11.Use according to one or more of claims 5, 9 and 10, characterized in that it is an ethanol extract. 2. Preparation containing an extract of plant parts of

Tradescantia virginiana according to claim 1.

13. A preparation according to claim 12, characterized in that it is a cosmetic or dermatological preparation.
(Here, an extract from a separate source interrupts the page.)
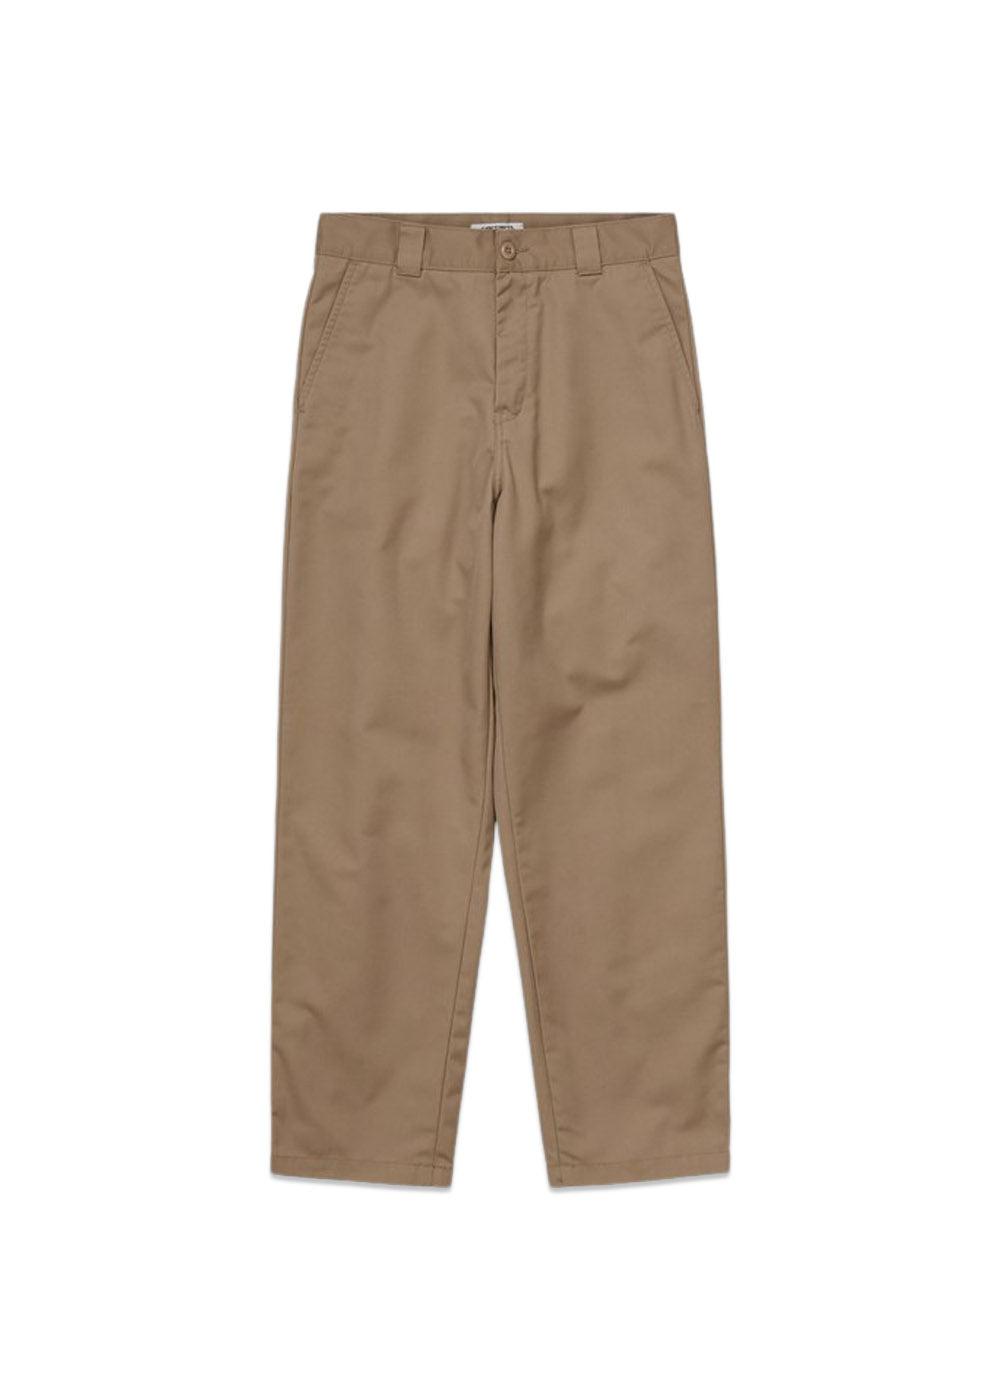 Carhartt WIP's W' Master pant - Dunmore Twill. Køb bukser her.

14. A preparation according to claim 12 or 13, characterized in that the preparation 0.01 to 99 wt.% Of the extract of plant parts of Tradescantia virginiana, based on the total weight of

Preparation containing.

15. A process for preparing a preparation according to one or more of claims 12 to 14, characterized in that the extract of plant parts of Tradescantia virginiana is mixed with a suitable carrier for topical applications.